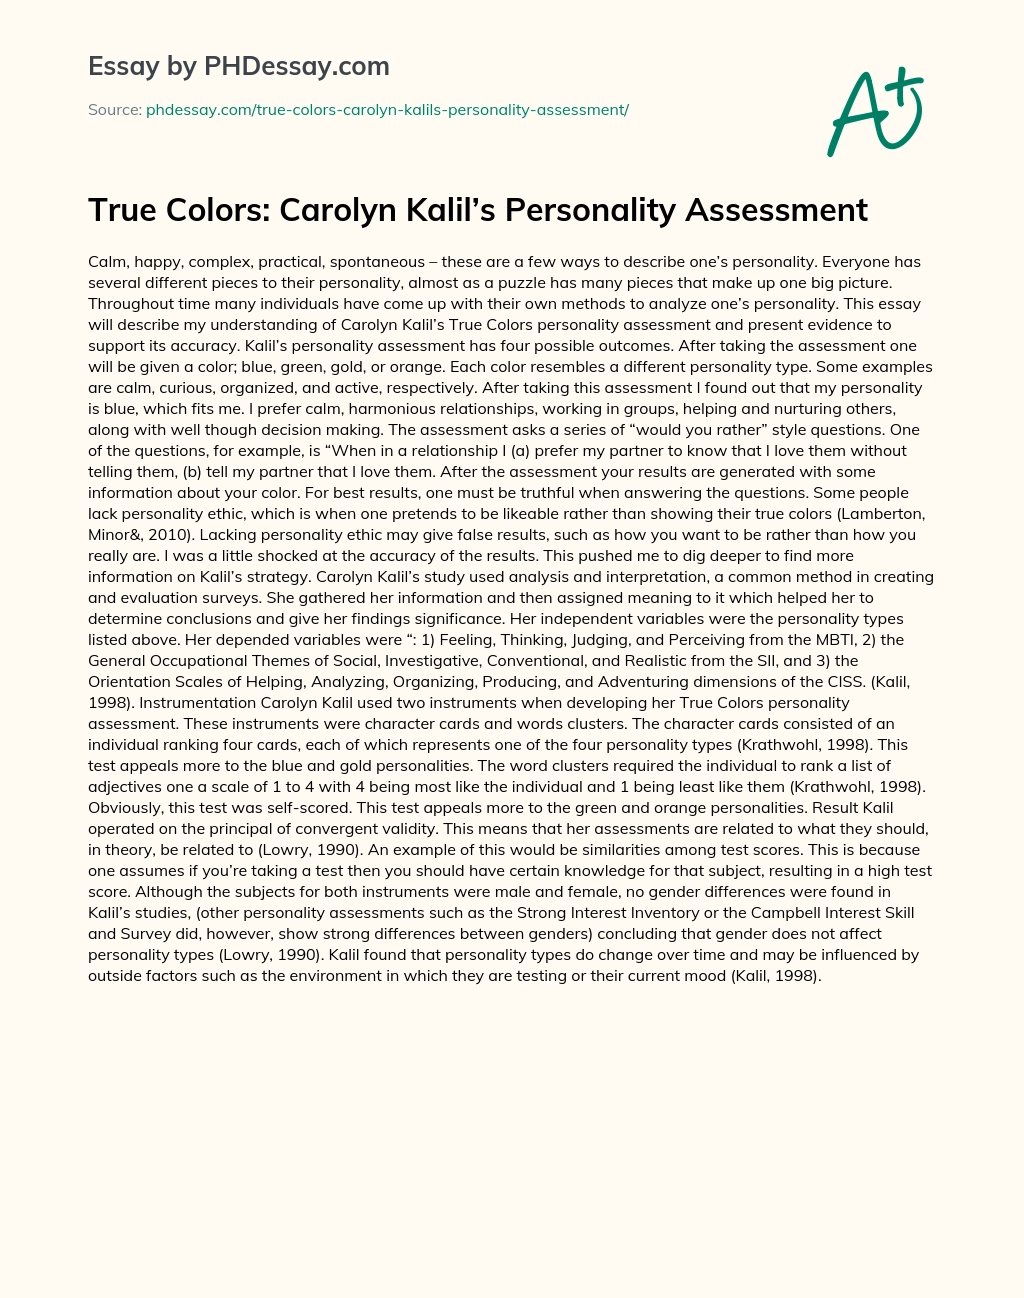 True Colors: Carolyn Kalil’s Personality Assessment essay
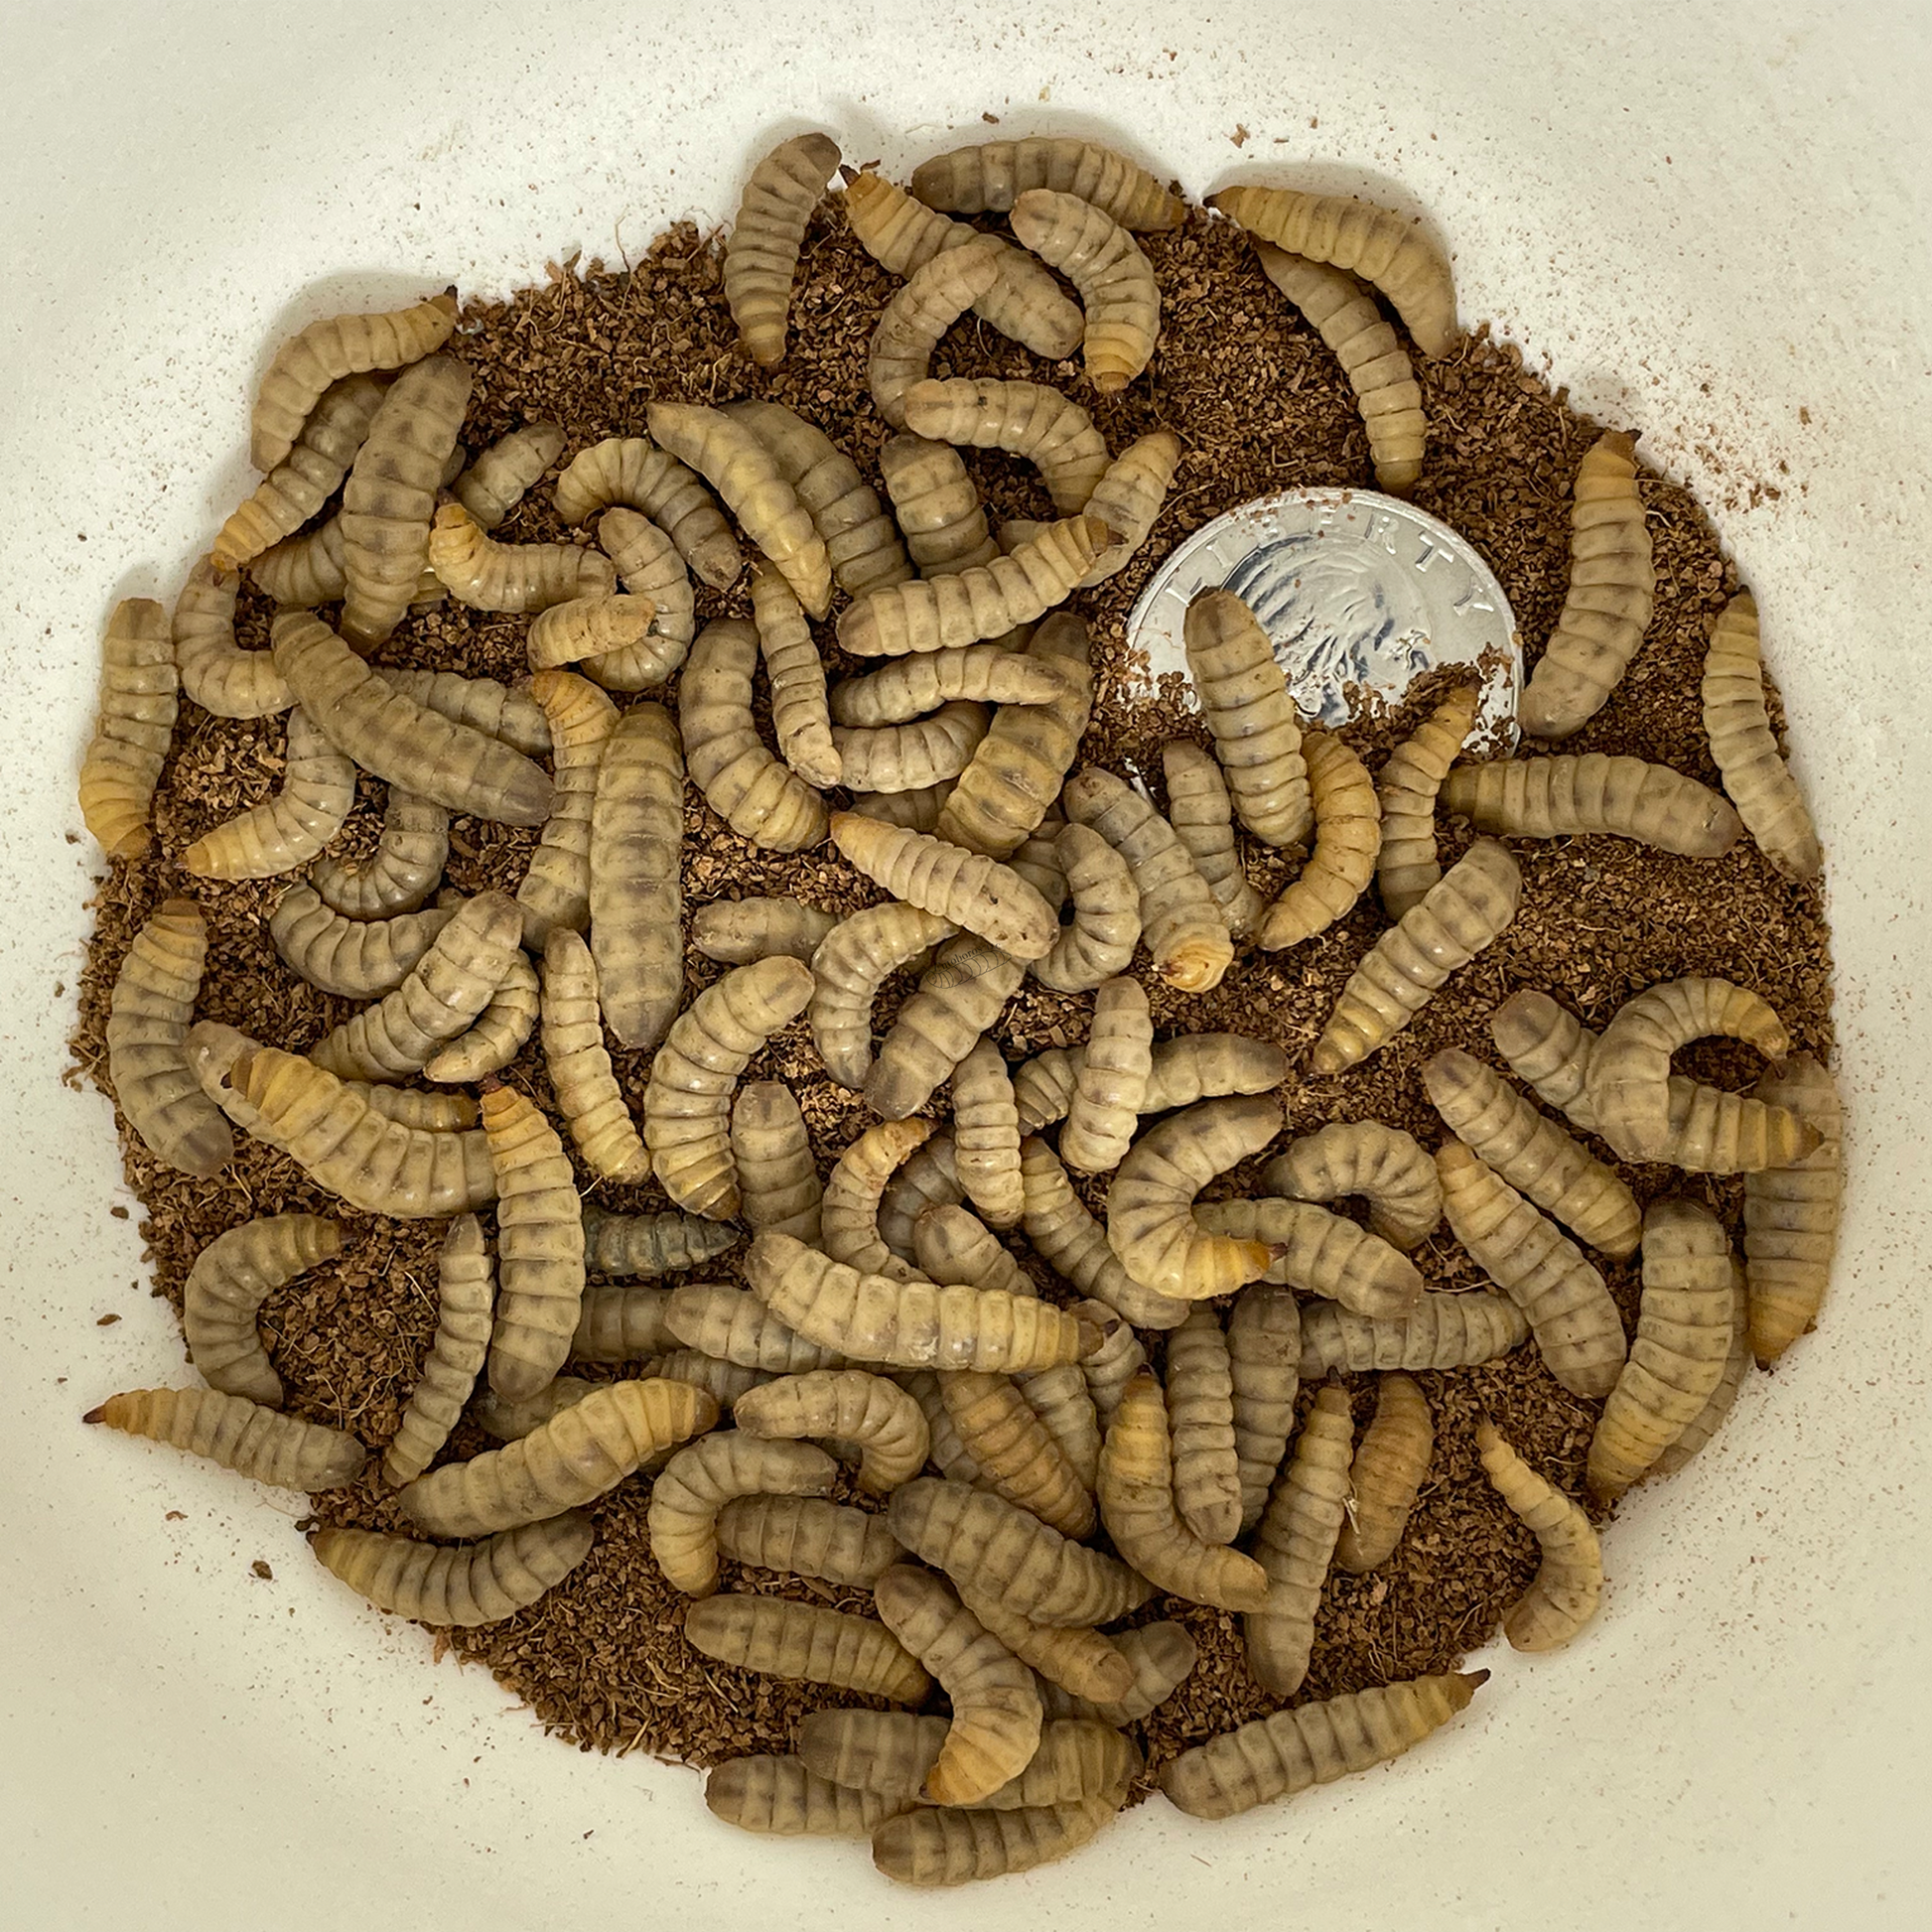 Container with Large Black Soldier Fly larvae in a substrate with a quarter for scale.
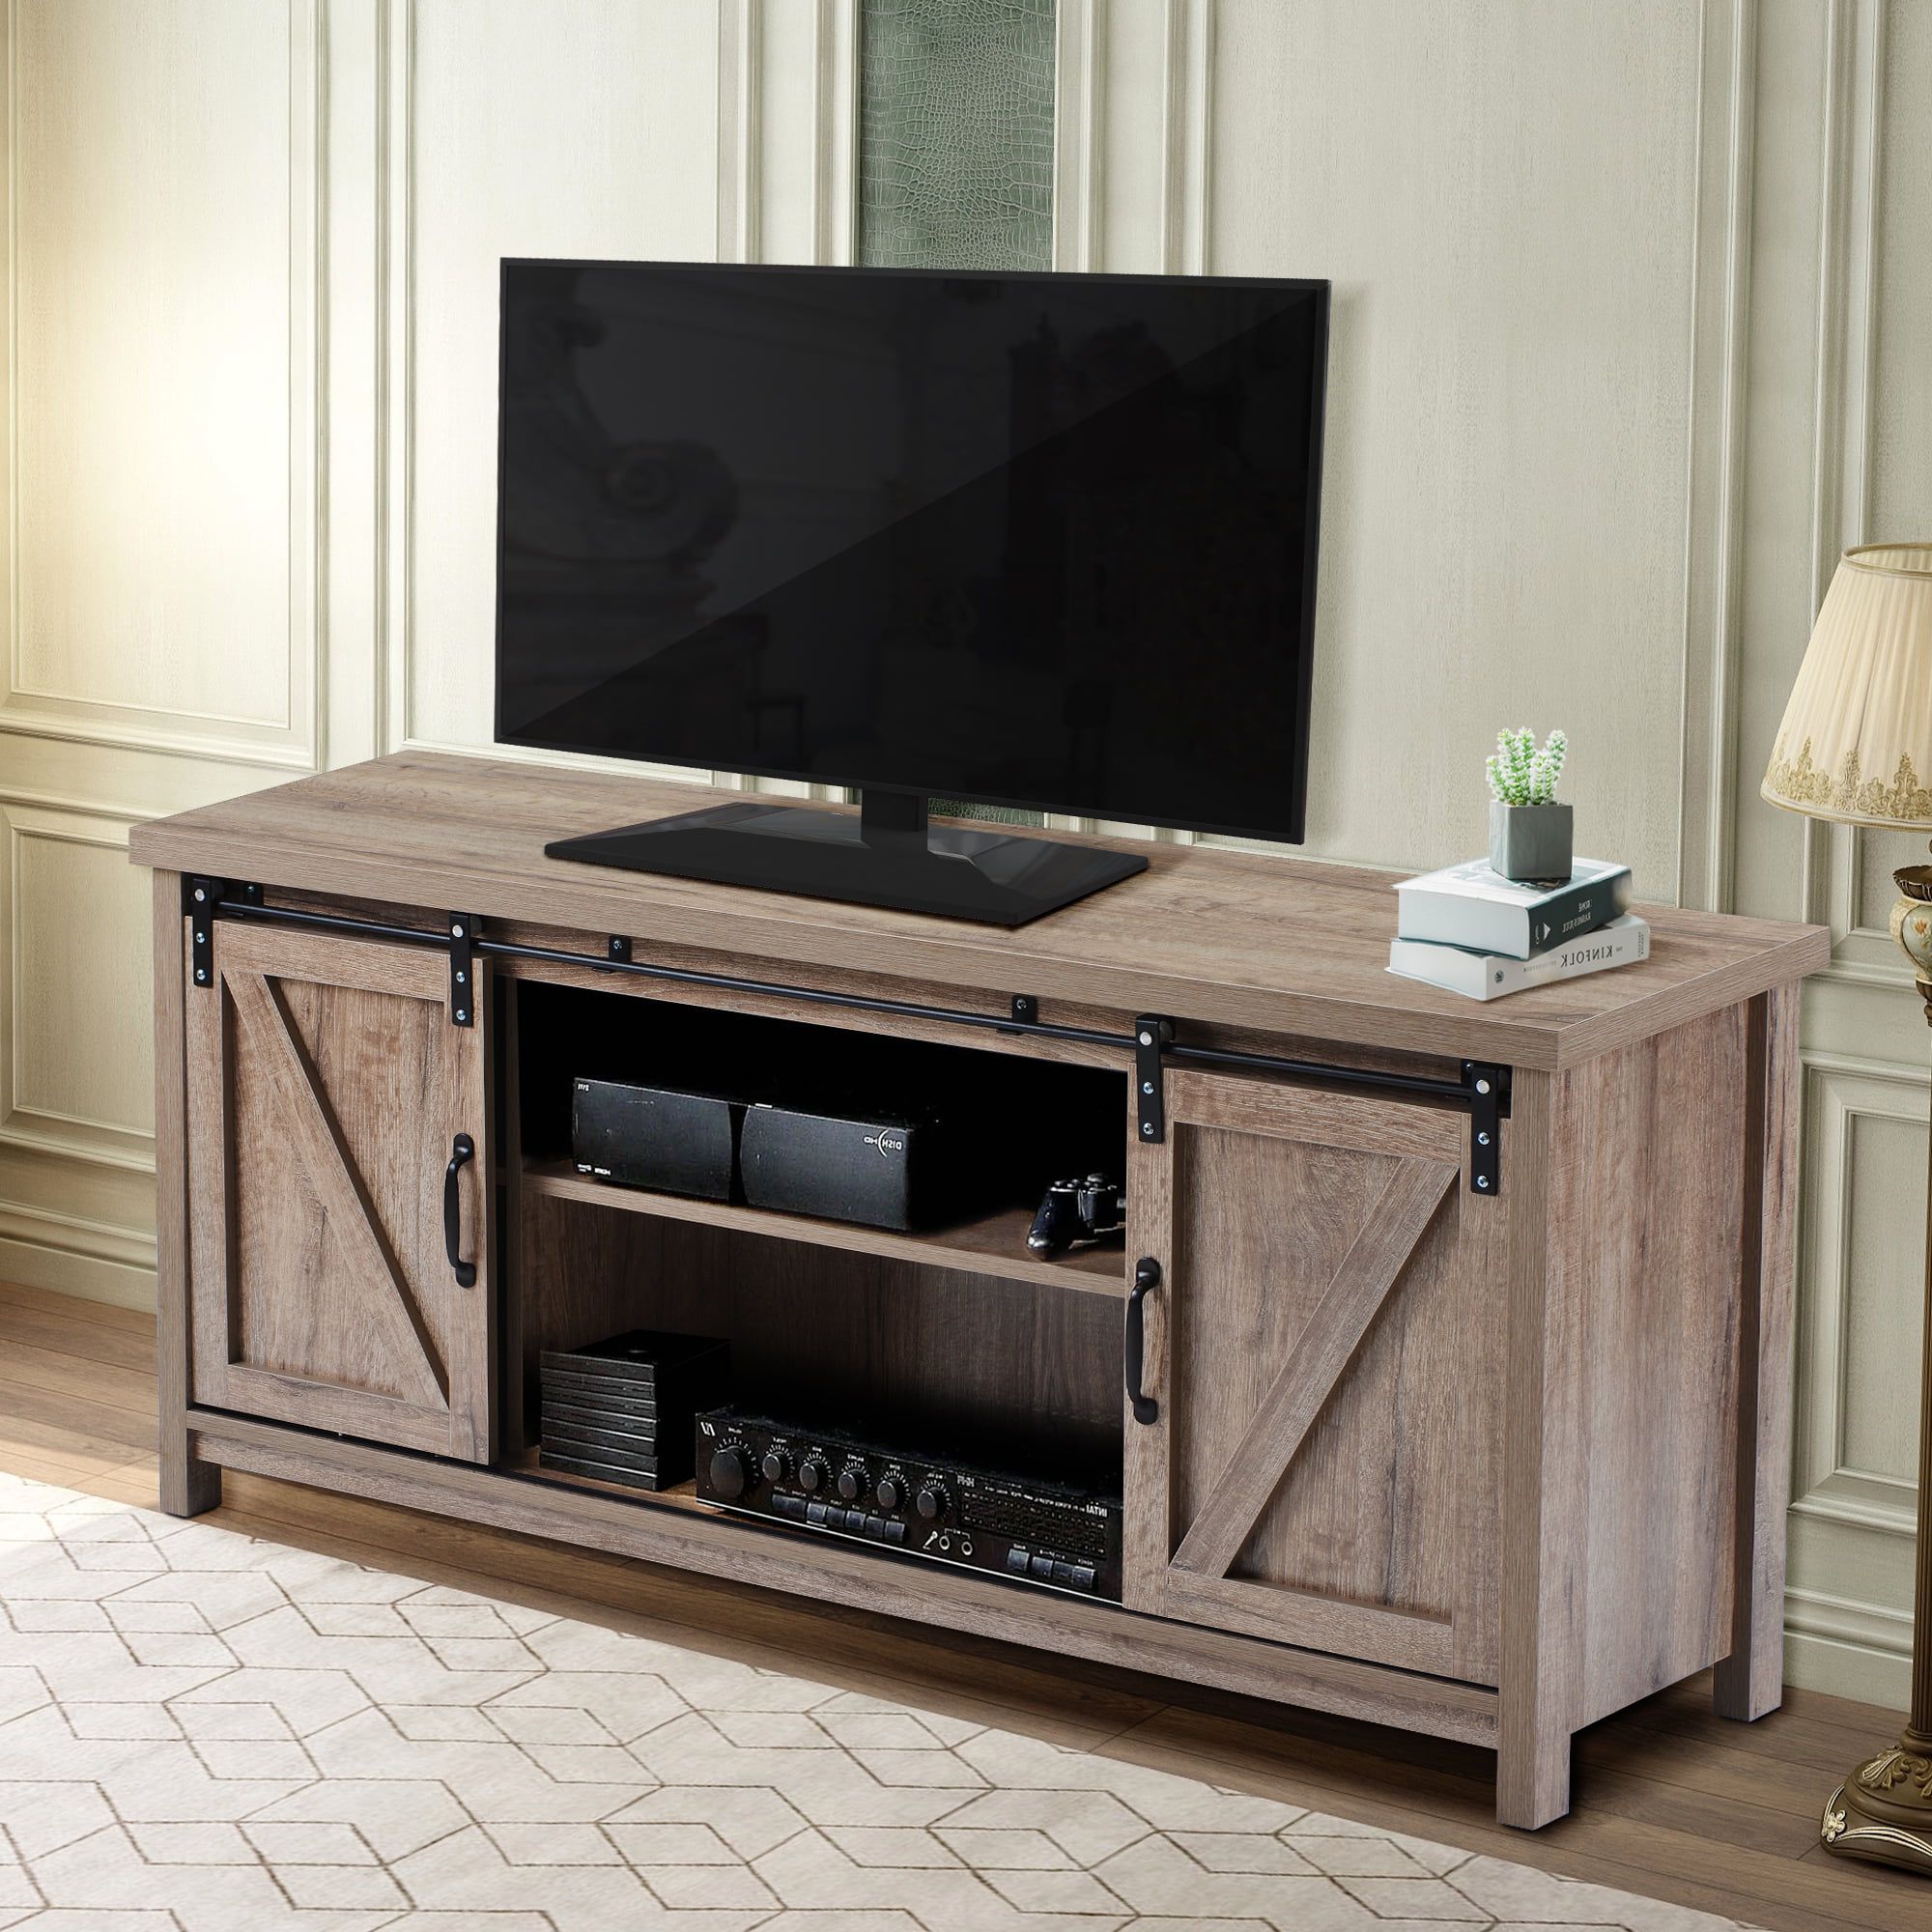 110" Tvs Wood Tv Cabinet With Drawers Intended For Widely Used Tv Cabinet With Shelves, Farmhouse Tv Stand For Tvs Up To 50", Sliding (View 2 of 15)

Problem — For this exercise, transcribe the data exactly but without its pictures.

Answer to the problem —
 True Colors: Carolyn Kalil’s Personality Assessment essay
 Container with Large Black Soldier Fly larvae in a substrate with a quarter for scale.
 110" Tvs Wood Tv Cabinet With Drawers Intended For Widely Used Tv Cabinet With Shelves, Farmhouse Tv Stand For Tvs Up To 50", Sliding (View 2 of 15)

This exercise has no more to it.